Serve with a low-fat tomato stew, fish or bean stew.
Everyone loves a baked plantain. They are indeed a great substitute for fried plantains. By baking plantains, you can achieve a crispy and lightly browned exterior without the added oil or fat.
Begin by lining a baking pan with a non-stick grease paper to prevent the plantains from sticking to the pan as it bakes.
Peel and slice the plantains, rub lightly with salt and line them up in the prepared pan.
Pre-heat the oven for 10 minutes and then place the pan with the plantains in the oven. Bake at 180°C for 15 minutes, or until they turn golden brown.
Once baked, allow the plantains to cool in the pan for about five minutes.
Season with black pepper, or serve with a low-fat tomato stew, beef or fish stew or even a delicious helping of spiced and roasted vegetables.
Unlike the baked plantain, the grilled plantain has a light, smoked flavour that can go with both sweet and savoury accompaniments or seasonings.
Peel the whole plantain and cut off both ends. Next, slice lightly only to remove the skin of the plantain. You can choose to grill the exposed plantain as a whole or halve it for a fast grill.
Rub lightly with salt or your preferred low-fat or non-fat seasoning and line them up on the grill.
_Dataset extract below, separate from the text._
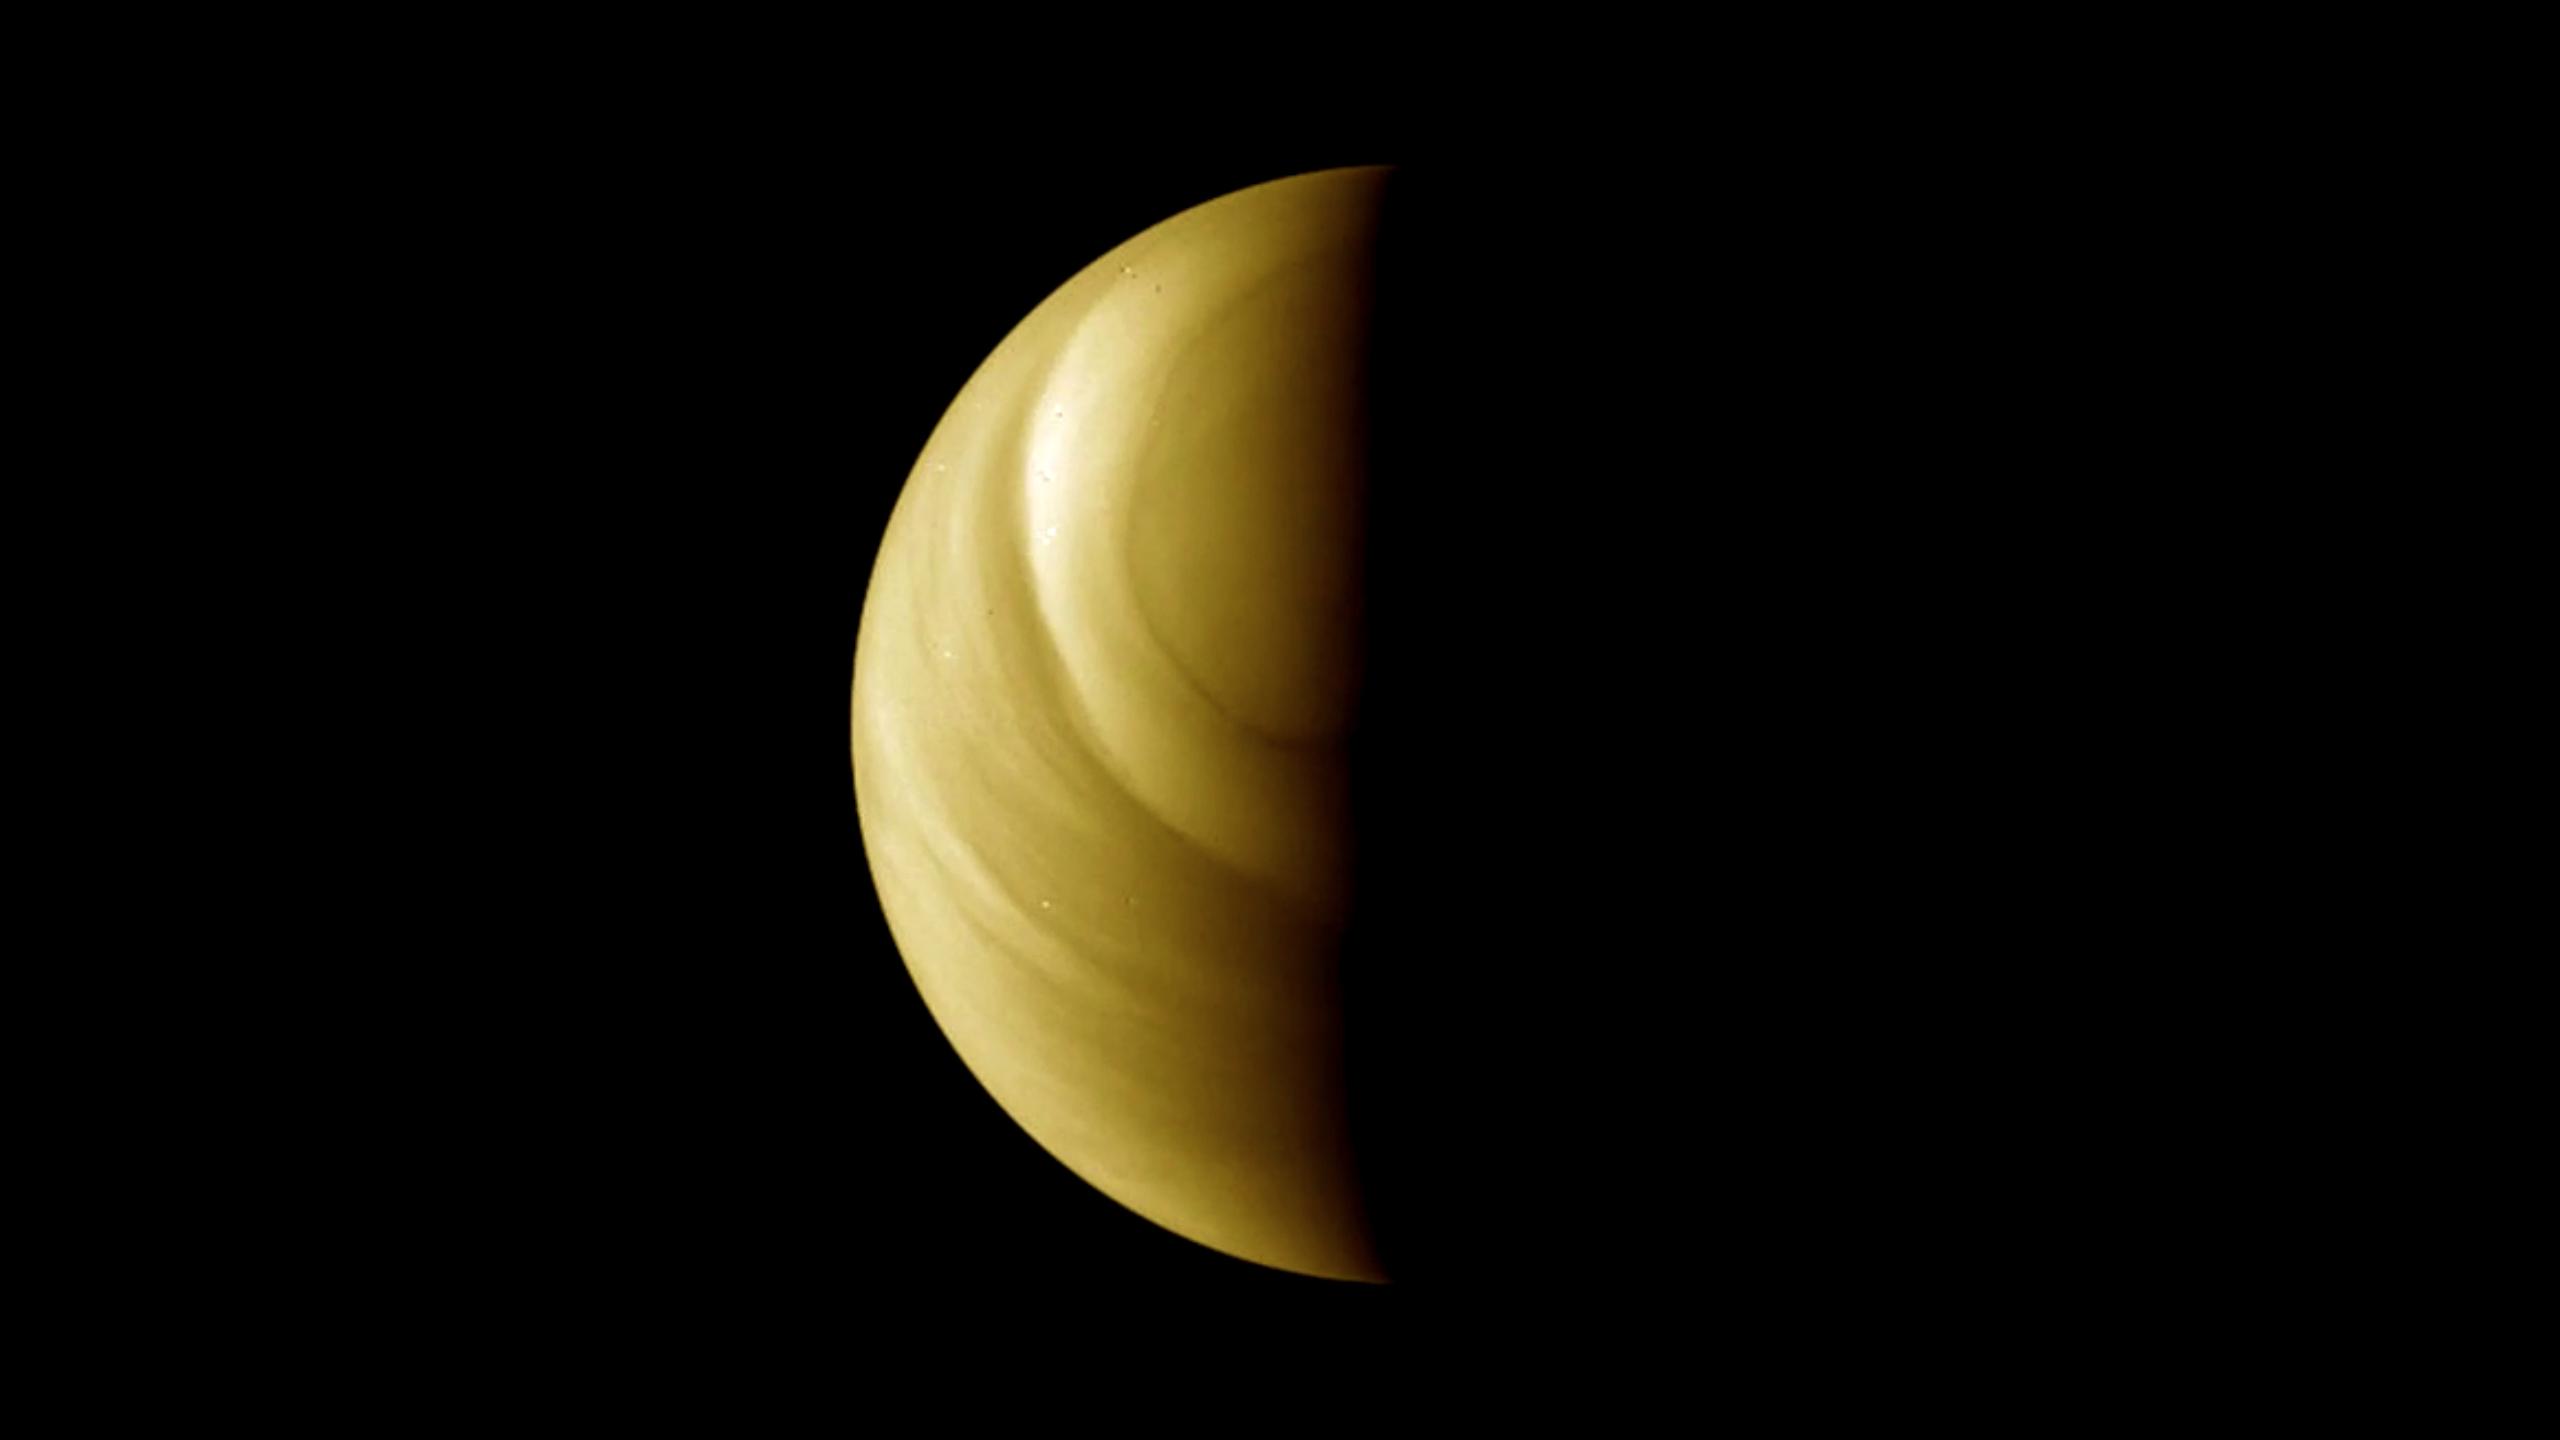 もっと読む:ロシアが金星探査をなぜ必要とするか

Grill each side of the plantains for about five or until their flesh is soft with a crisp exterior.
Allow to cool for abut 4 minutes and serve.
If you crave plantain crisps or crispy sweet bites, the grill method is the best method for achieving healthy plantain crisps. Follow the method mentioned above for the grilled plantain but instead of halving or keeping the plantain whole, slice the plantain thinly and place in a pan lined with a non-stick grease paper.
For sweet plantain crisps, rub a teaspoon full of honey and cinnamon or stevia on the thin sliced plantains and place in the lined pan to back for 10 minutes or until nice and crisp as desired.
For savoury plantain crisps, repeat the same steps as with the sweet plantain crisps, opting for salt, pepper or your preferred low-fat savoury seasoning.
Nutritional Facts About Plantains
175g raw plantain has roughly (in recommended daily values):
- 181 calories
- 47 grams carbohydrates
- 1.9 grams protein
- 0.5 grams fat
- 3.4 grams fiber
- 27.2 milligrams vitamin C (45 percent DV)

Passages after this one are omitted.